Re: Growing RAID10 with active XFS filesystem

Andreas Klauer <Andreas.Klauer@xxxxxxxxxxxxxx> · Sun, 7 Jan 2018 21:16:22 +0100

On Sat, Jan 06, 2018 at 04:44:12PM +0100, mdraid.pkoch@xxxxxxxx wrote:
> Now today I increased the RAID10 again from 20 to 21 disks with the
> following commands:
> 
> mdadm /dev/md5 --add /dev/sdo
> mdadm --grow /dev/md5 --raid-devices=21
> 
> Just one second after starting the reshape operation
> XFS failed with the following messages:
> 
> md: reshape of RAID array md5
> md: minimum _guaranteed_  speed: 1000 KB/sec/disk.
> md: using maximum available idle IO bandwidth (but not more than 200000 
> KB/sec) for reshape.
> md: using 128k window, over a total of 19533829120k.
> XFS (md5): metadata I/O error: block 0x12c08f360 
> ("xfs_trans_read_buf_map") error 5 numblks 16

Ouch. No idea what happened there.

Use overlays to try to recover. Don't write anymore.

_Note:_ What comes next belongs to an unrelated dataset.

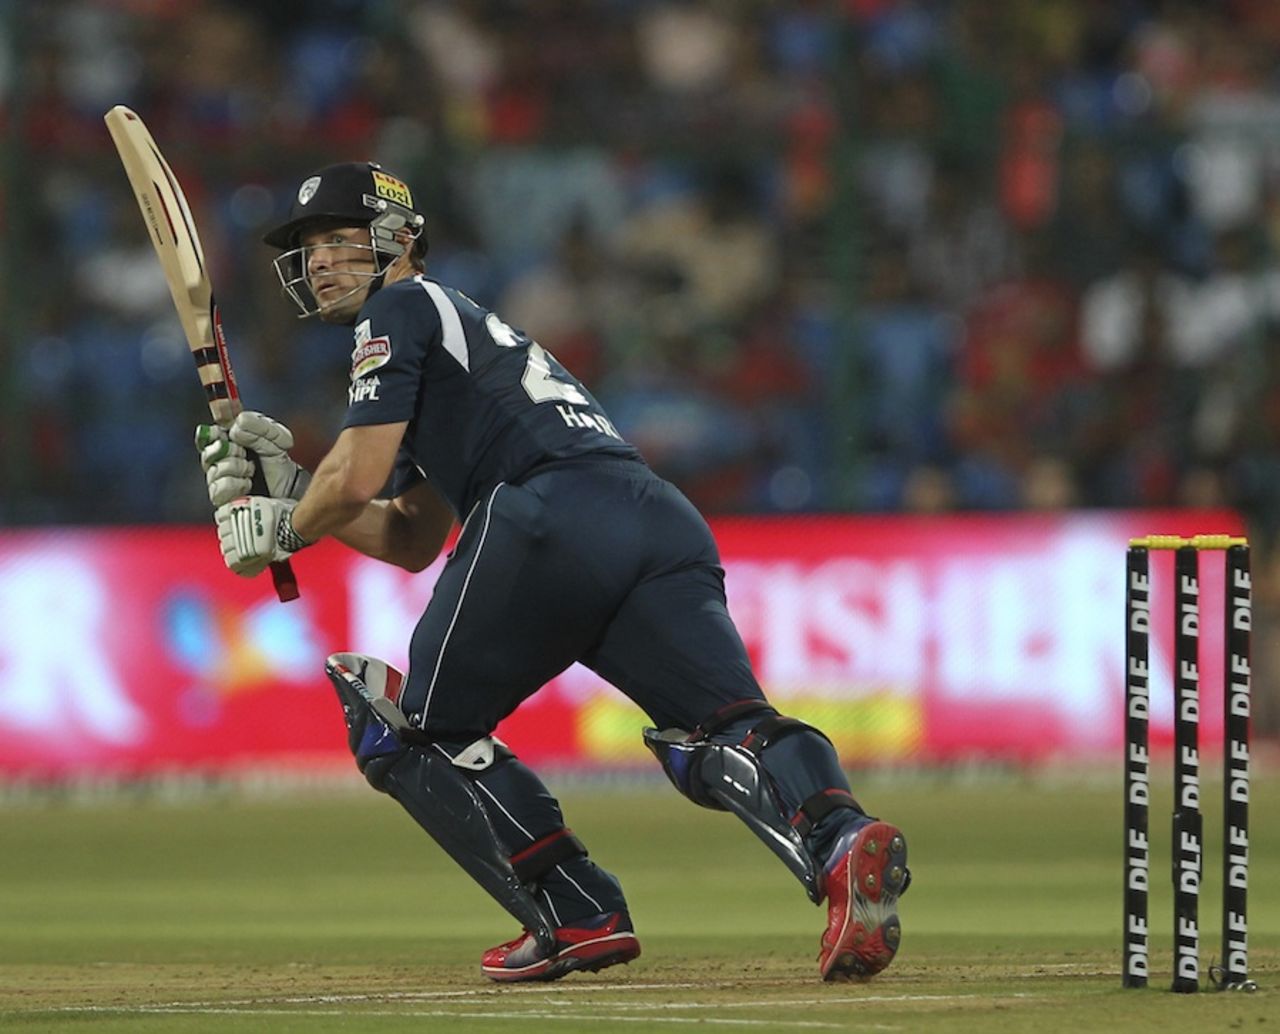 Daniel Harris scored 47 in his second game this season, Royal Challengers Bangalore v Deccan Chargers, IPL 2012, May 6, 2012

https://raid.wiki.kernel.org/index.php/Recovering_a_failed_software_RAID#Making_the_harddisks_read-only_using_an_overlay_file

I tried to reproduce your problem, created a 20 drive RAID, 
and a while loop to grow to 21 drives, then shrink back to 20.

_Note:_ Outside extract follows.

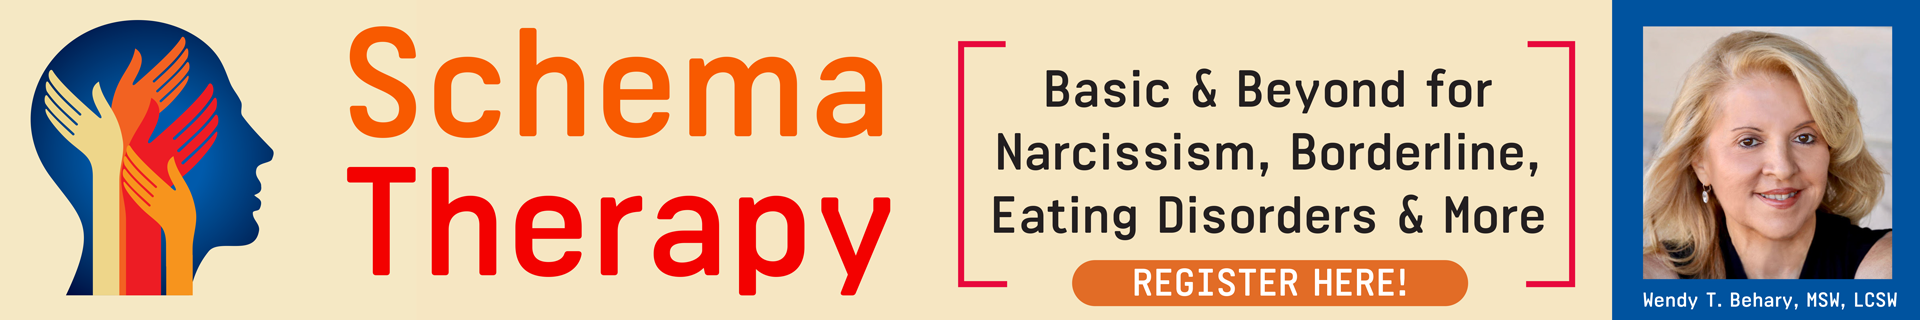 Schema Therapy: Basic & Beyond for Narcissism, Borderline, Eating Disorders & More

    truncate -s 100M {001..021}
    losetup ...
    mdadm --create /dev/md42 --level=10 --raid-devices=20 /dev/loop{1..20}
    mdadm --grow /dev/md42 --add /dev/loop21

    while :
    do
        mdadm --wait /dev/md42
        mdadm --grow /dev/md42 --raid-devices=21
        mdadm --wait /dev/md42
        mdadm --grow /dev/md42 --array-size 1013760
        mdadm --wait /dev/md42
        mdadm --grow /dev/md42 --raid-devices=20
    done

Then I put XFS on top and another while loop to extract a Linux tarball.

    while :
    do
        tar xf linux-4.13.4.tar.xz
        sync
        rm -rf linux-4.13.4
        sync
    done

Both running in parallel ad infinitum.

I couldn't get the XFS to corrupt.

mdadm itself eventually died though.

Told me two drives failed though none did and would refuse to continue 
the grow operation. Unless I'm missing something, the degraded counter 
seems to have gone out of whack. There was nothing in dmesg.

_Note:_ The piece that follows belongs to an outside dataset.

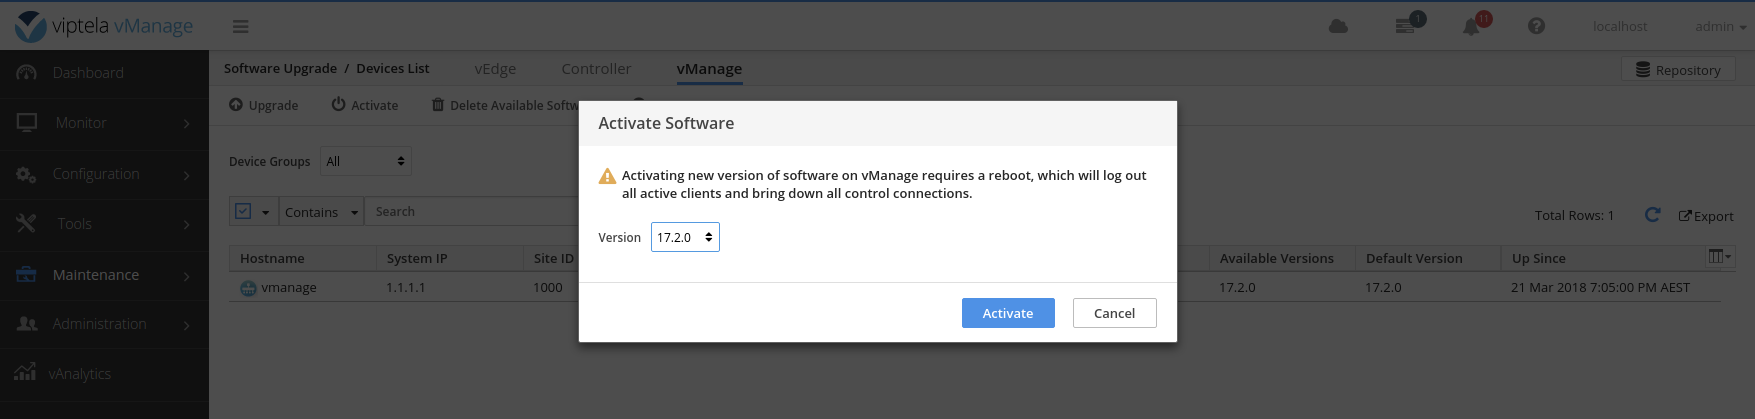 vmanage-software-upgrade-6.png

# cat /sys/block/md42/md/degraded 
2

# cat /proc/mdstat 
Personalities : [linear] [raid0] [raid1] [raid10] [raid6] [raid5] [raid4] 
md42 : active raid10 loop20[19] loop19[18] loop18[17] loop17[16] loop16[15] loop15[14] loop14[13] loop13[12] loop12[11] loop11[10] loop10[9] loop9[8] loop8[7] loop7[6] loop6[5] loop5[4] loop4[3] loop3[2] loop2[1] loop1[0]
      1013760 blocks super 1.2 512K chunks 2 near-copies [20/18] [UUUUUUUUUUUUUUUUUUUU]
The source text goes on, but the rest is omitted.